# Batch scoring for large dataset, 01.03.2021

In [None]:
import azureml.core
from azureml.core import Dataset, Workspace, Experiment
import os
azureml.core.VERSION


In [None]:
# My info
ws = Workspace.from_config()
datastore = ws.get_default_datastore()

print(ws.name, ws.resource_group, ws.location, ws.subscription_id, datastore.name, sep = '\n')

In [None]:
from azureml.core.compute import AmlCompute
from azureml.core.compute import ComputeTarget
import os

# choose a name for your cluster
compute_name = os.environ.get("AML_COMPUTE_CLUSTER_NAME", "automl-compute")
compute_min_nodes = os.environ.get("AML_COMPUTE_CLUSTER_MIN_NODES", 0)
compute_max_nodes = os.environ.get("AML_COMPUTE_CLUSTER_MAX_NODES", 4)

# This example uses CPU VM. For using GPU VM, set SKU to STANDARD_NC6
vm_size = os.environ.get("AML_COMPUTE_CLUSTER_SKU", "STANDARD_D2_V2")


if compute_name in ws.compute_targets:
    compute_target = ws.compute_targets[compute_name]
    if compute_target and type(compute_target) is AmlCompute:
        print('found compute target. just use it. ' + compute_name)
else:
    print('creating a new compute target...')
    provisioning_config = AmlCompute.provisioning_configuration(vm_size=vm_size,
                                                                min_nodes=compute_min_nodes,
                                                                max_nodes=compute_max_nodes)

    # create the cluster
    compute_target = ComputeTarget.create(
        ws, compute_name, provisioning_config)

    # can poll for a minimum number of nodes and for a specific timeout.
    # if no min node count is provided it will use the scale settings for the cluster
    compute_target.wait_for_completion(
        show_output=True, min_node_count=None, timeout_in_minutes=20)

    # For a more detailed view of current AmlCompute status, use get_status()
    print(compute_target.get_status().serialize())

## Tabular dataset - registering at once

In [None]:
datastore = ws.get_default_datastore()

##########################
#diabetes data
##############
diabetes_data = Dataset.Tabular.from_delimited_files(path=[(datastore, '/helen/data/diabetes_data.txt')],separator=' ')
diabetes_data = diabetes_data.register(workspace=ws, 
                                 name='diabetes_data',
                                 description='diabetes data',
                                 create_new_version=True)
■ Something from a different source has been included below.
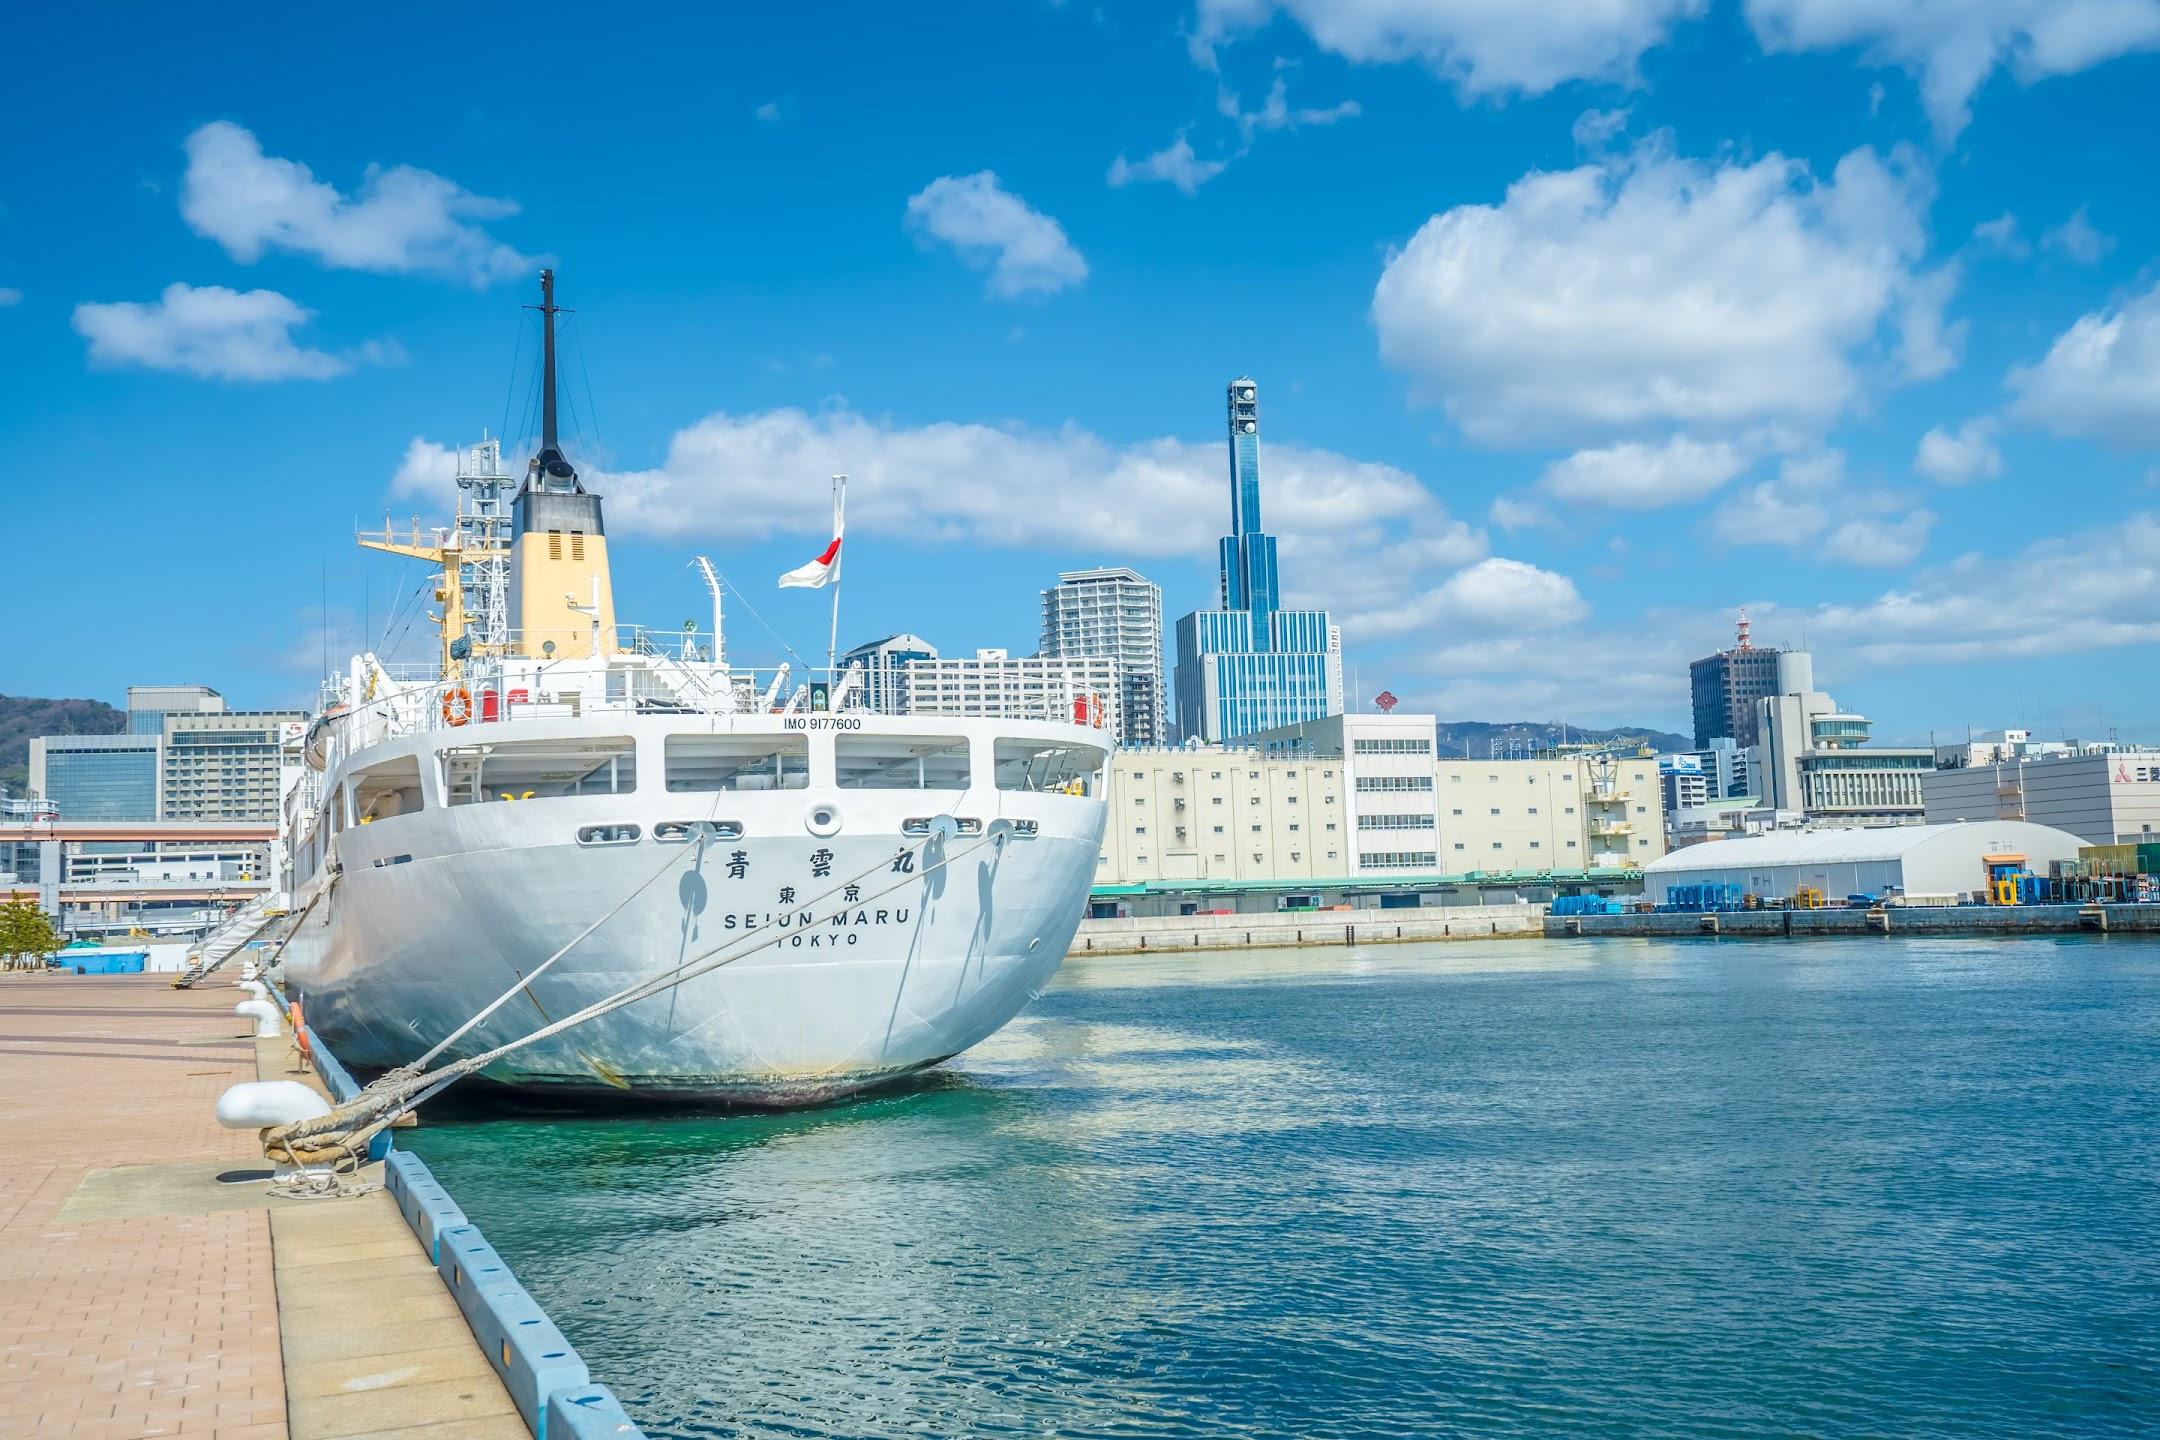 Kobe ship1

##########################
#diabetes labels
##############
diabetes_labels = Dataset.Tabular.from_delimited_files(path=[(datastore, '/helen/data/diabetes_labels.txt')],separator=' ')
diabetes_labels = diabetes_labels.register(workspace=ws,
                                 name='diabetes_labels',
                                 description='diabetes labels',
                                 create_new_version=True)


## Tabular dataset - accessing in script

In [None]:
#Accessing dataset which is already registered
# get dataset by dataset name
diabetes_data = Dataset.get_by_name(workspace=ws, name='diabetes_data')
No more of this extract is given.